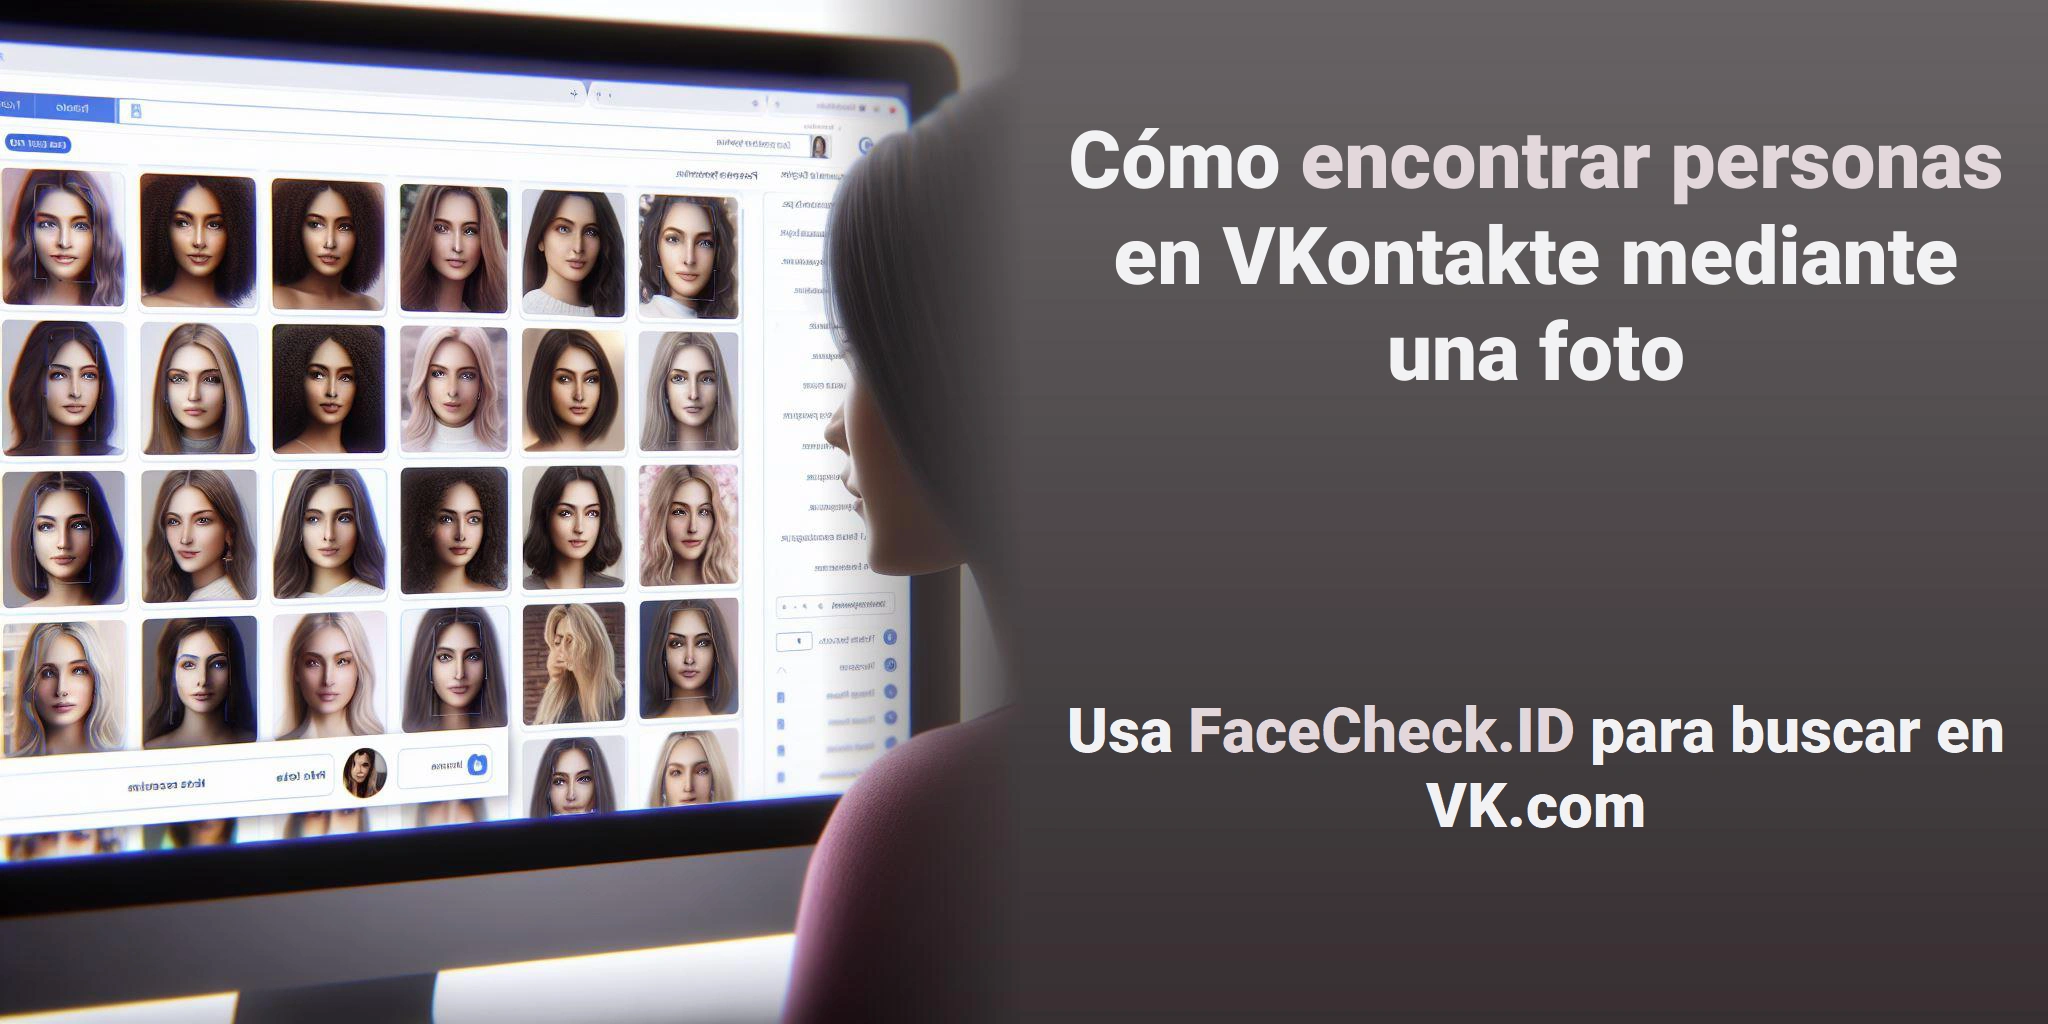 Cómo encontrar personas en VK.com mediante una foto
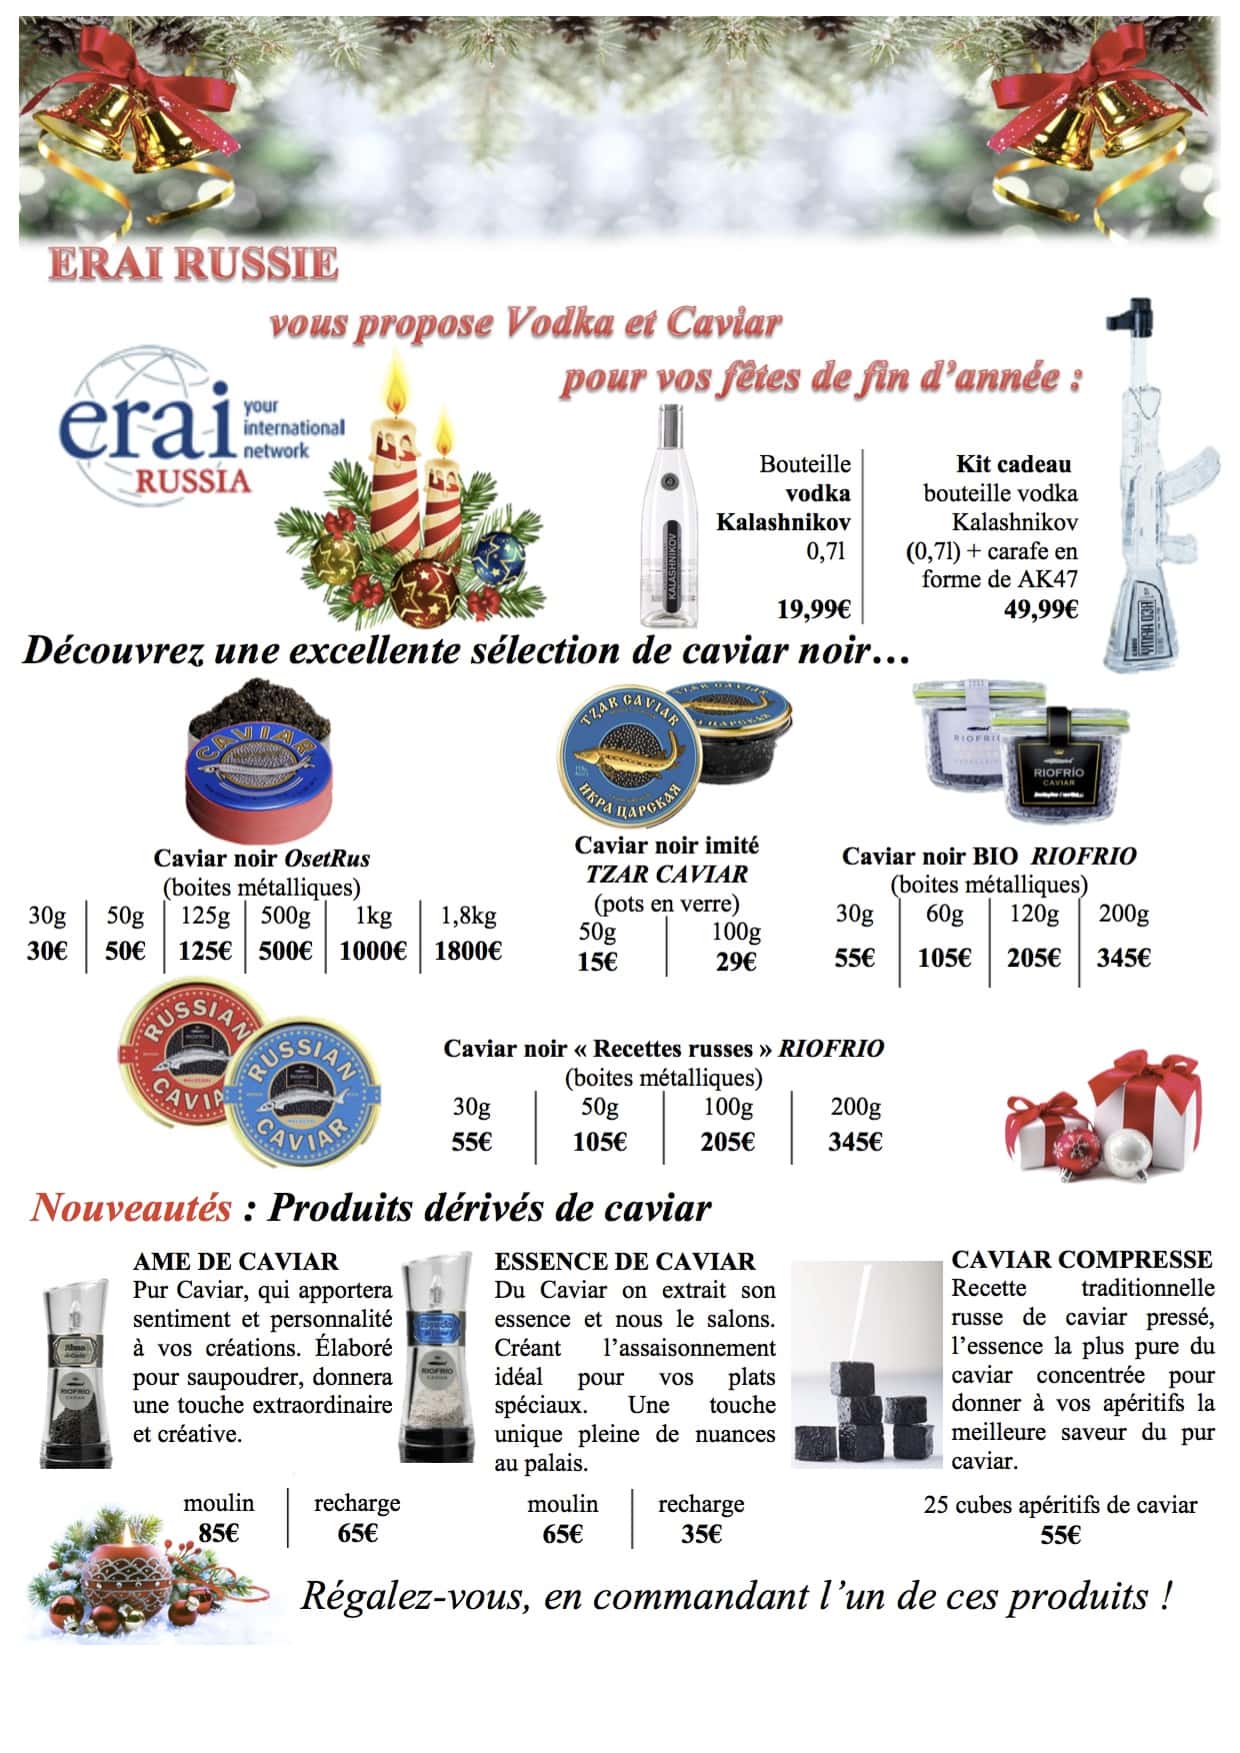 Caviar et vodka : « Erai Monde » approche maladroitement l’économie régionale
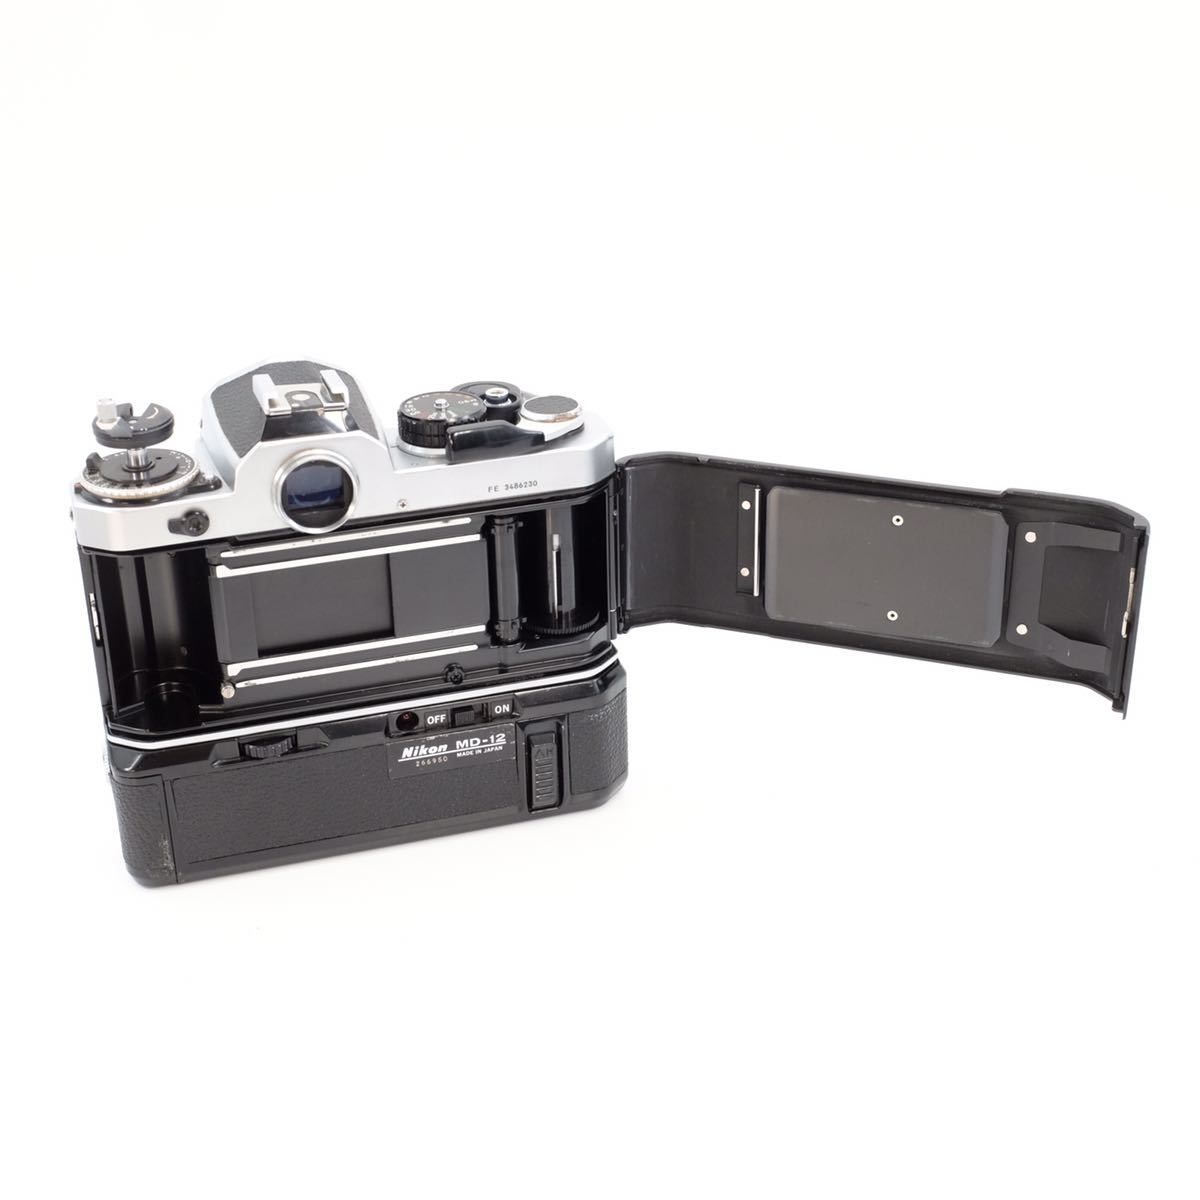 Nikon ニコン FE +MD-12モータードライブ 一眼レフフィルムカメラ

Problem to work on » Please retype the data exactly, but do not carry over any picture.

Your solution »
 Cómo encontrar personas en VK.com mediante una foto
 Caviar et vodka : « Erai Monde » approche maladroitement l’économie régionale
 Nikon ニコン FE +MD-12モータードライブ 一眼レフフィルムカメラ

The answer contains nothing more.